## Aim of the exercise
Write out the data again exactly, skipping every picture.

## Collected material
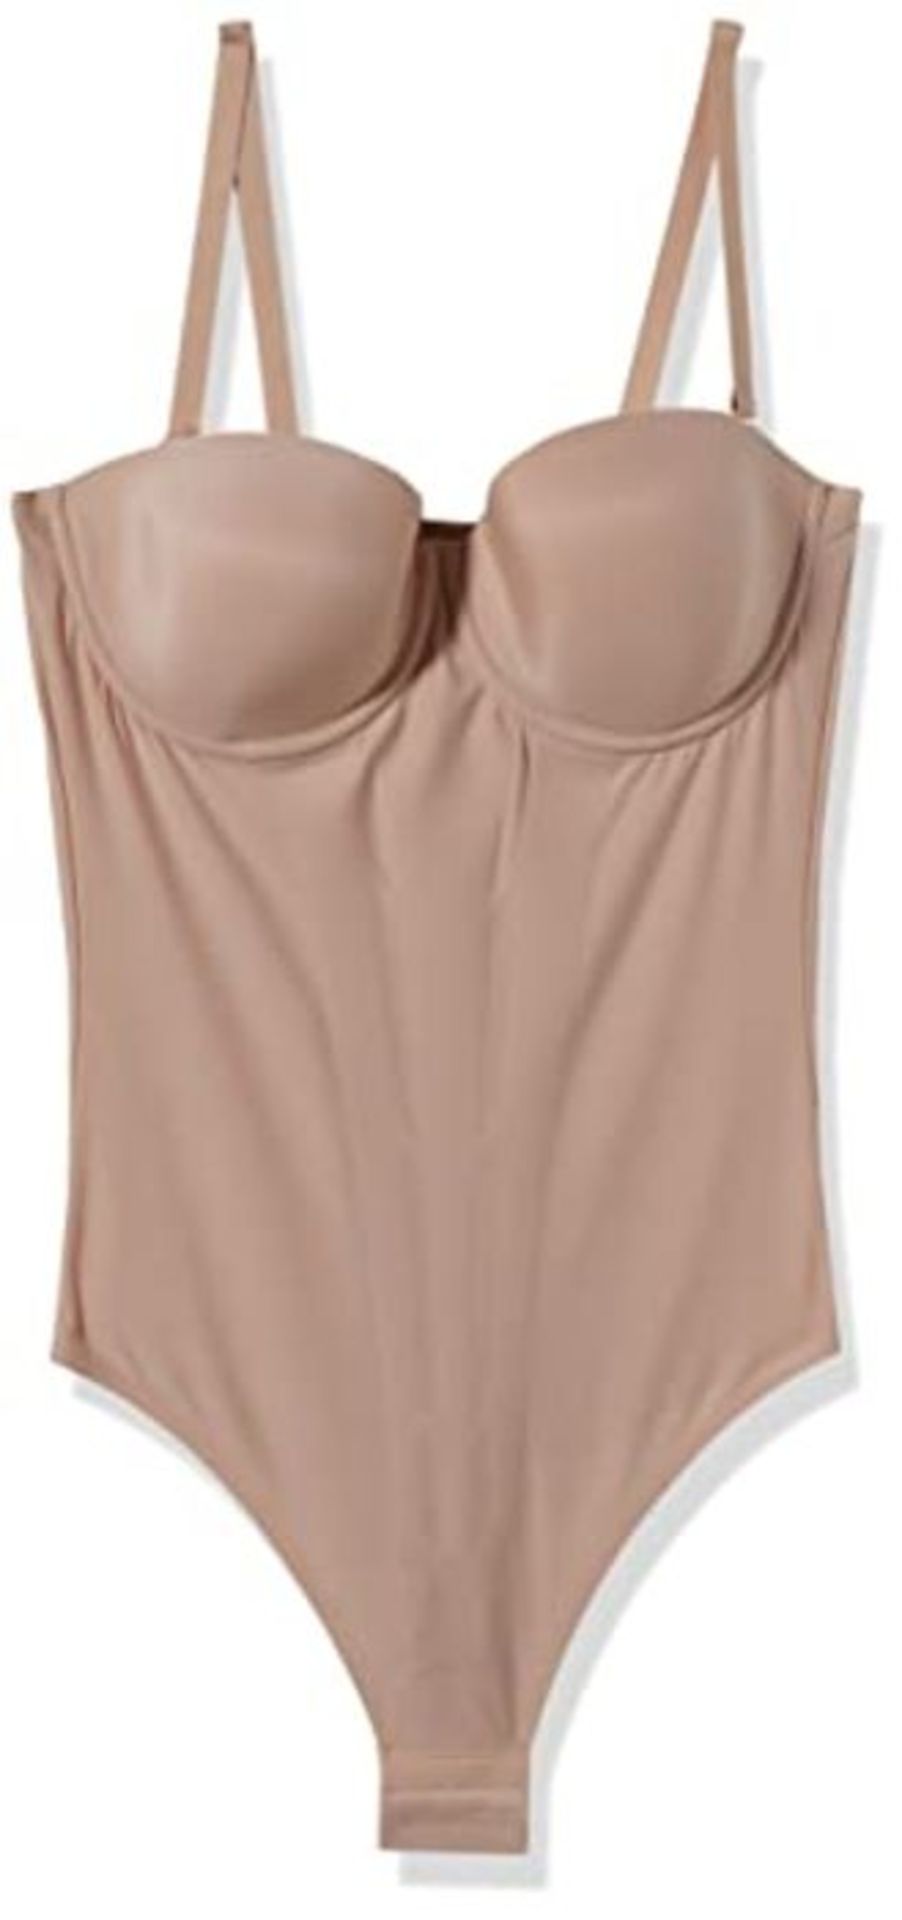 RRP £61.00 Triumph Women's Shape Smart Bswdp Underwear, Neutral Beige, 38C
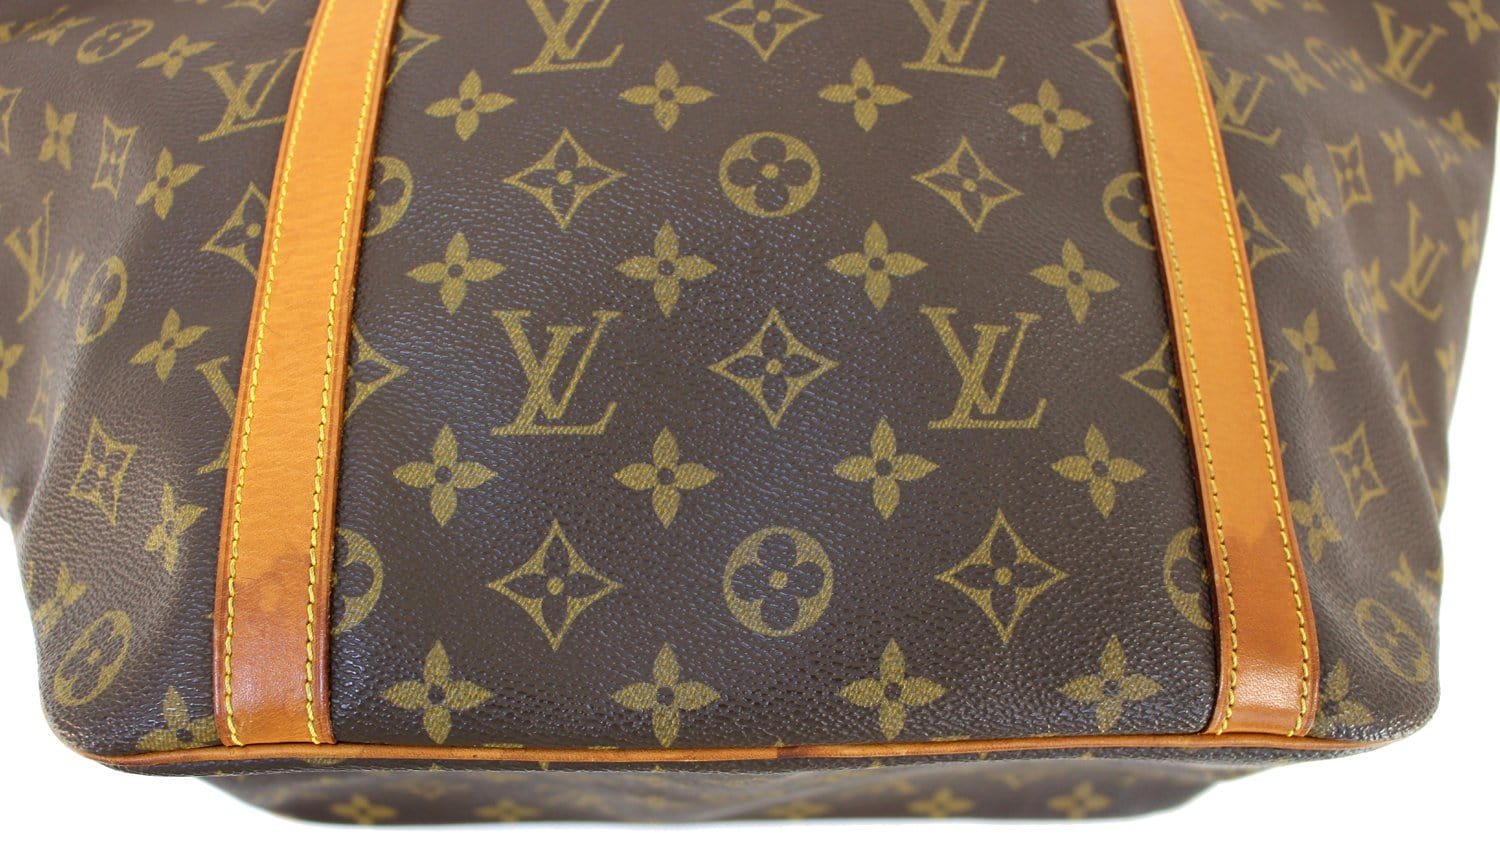 Discontinued Bag #7: Louis Vuitton Monogram Sac Shopping Large Tote
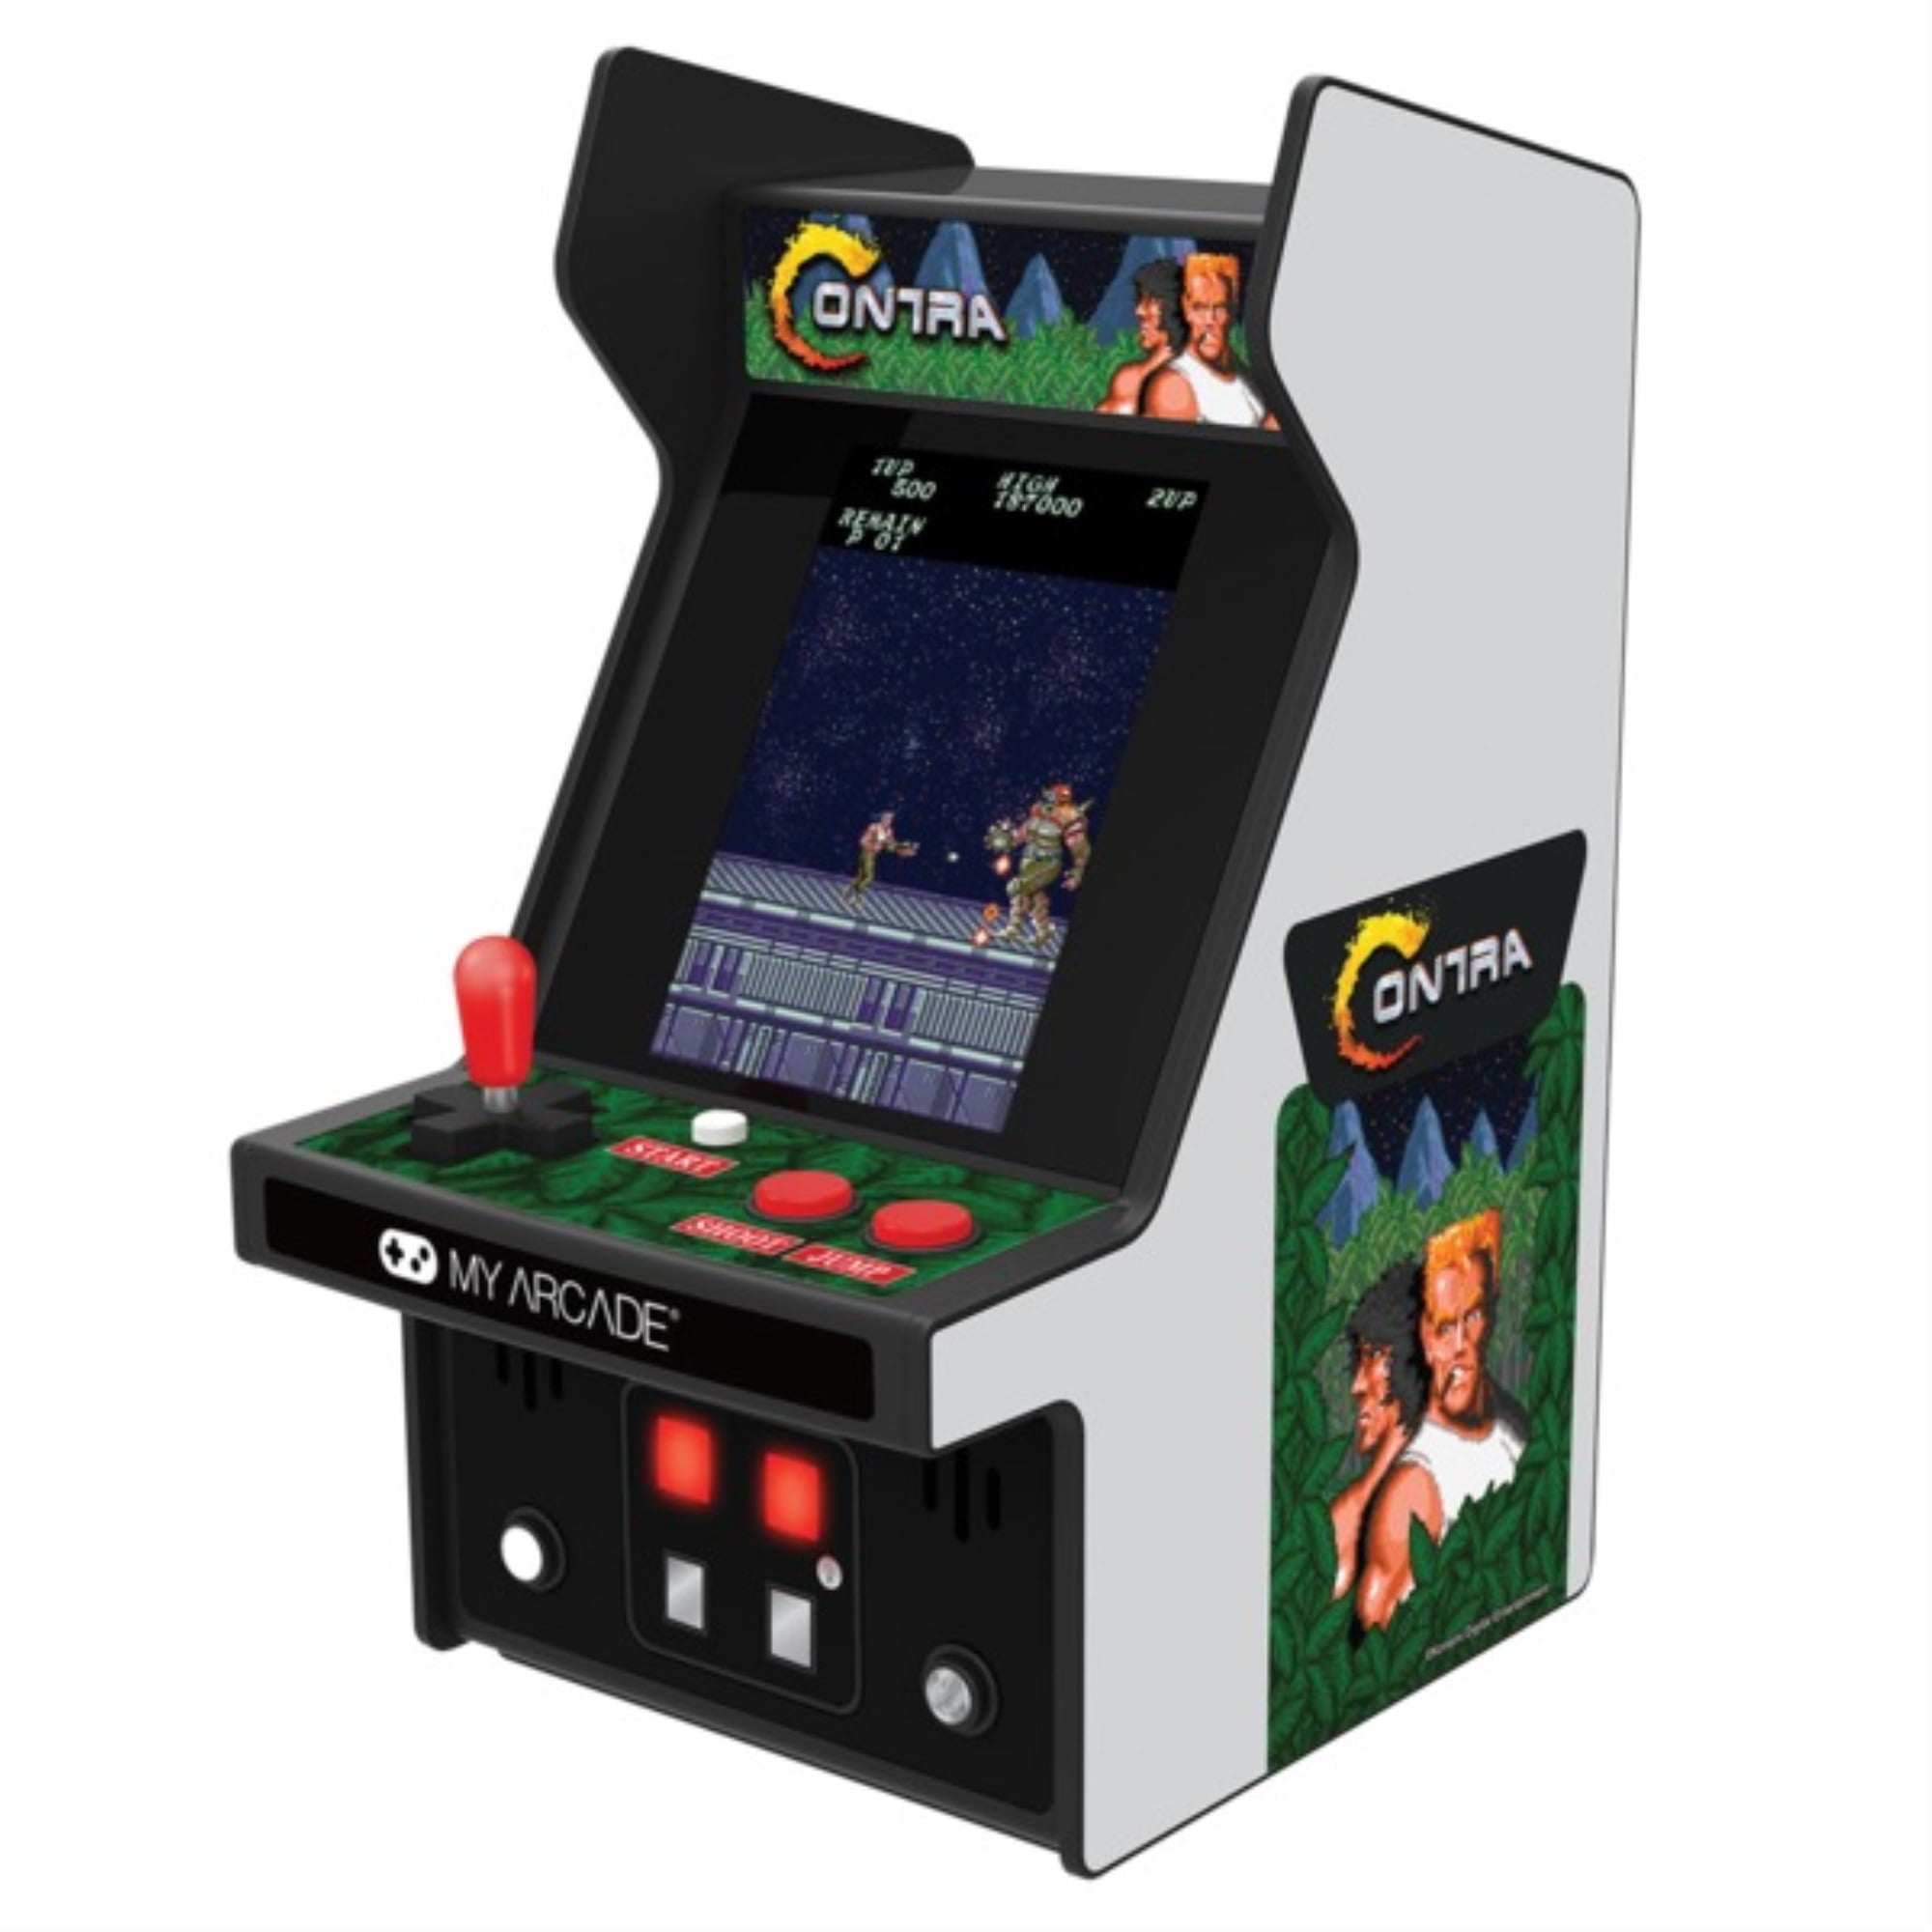 GALAGA Arcade Video Game Machine Mini Console My Arcade NEW SEALED 
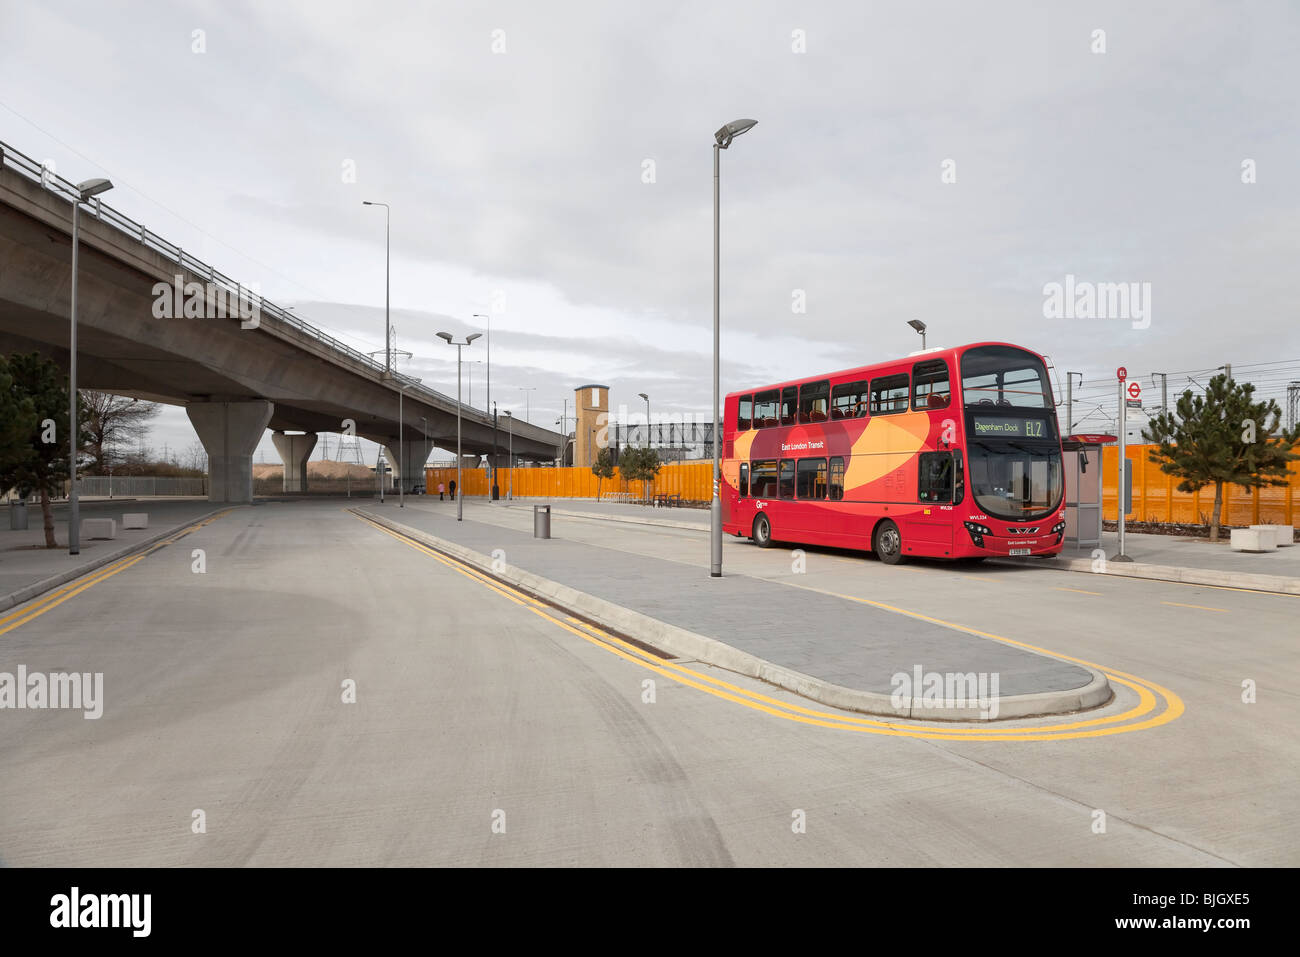 Die neue Dagenham Dock Bus Station East London Transit Stockfoto

## Final answer
 RRP £61.00 Triumph Women's Shape Smart Bswdp Underwear, Neutral Beige, 38C
 Discontinued Bag #7: Louis Vuitton Monogram Sac Shopping Large Tote
 GALAGA Arcade Video Game Machine Mini Console My Arcade NEW SEALED 
 Die neue Dagenham Dock Bus Station East London Transit Stockfoto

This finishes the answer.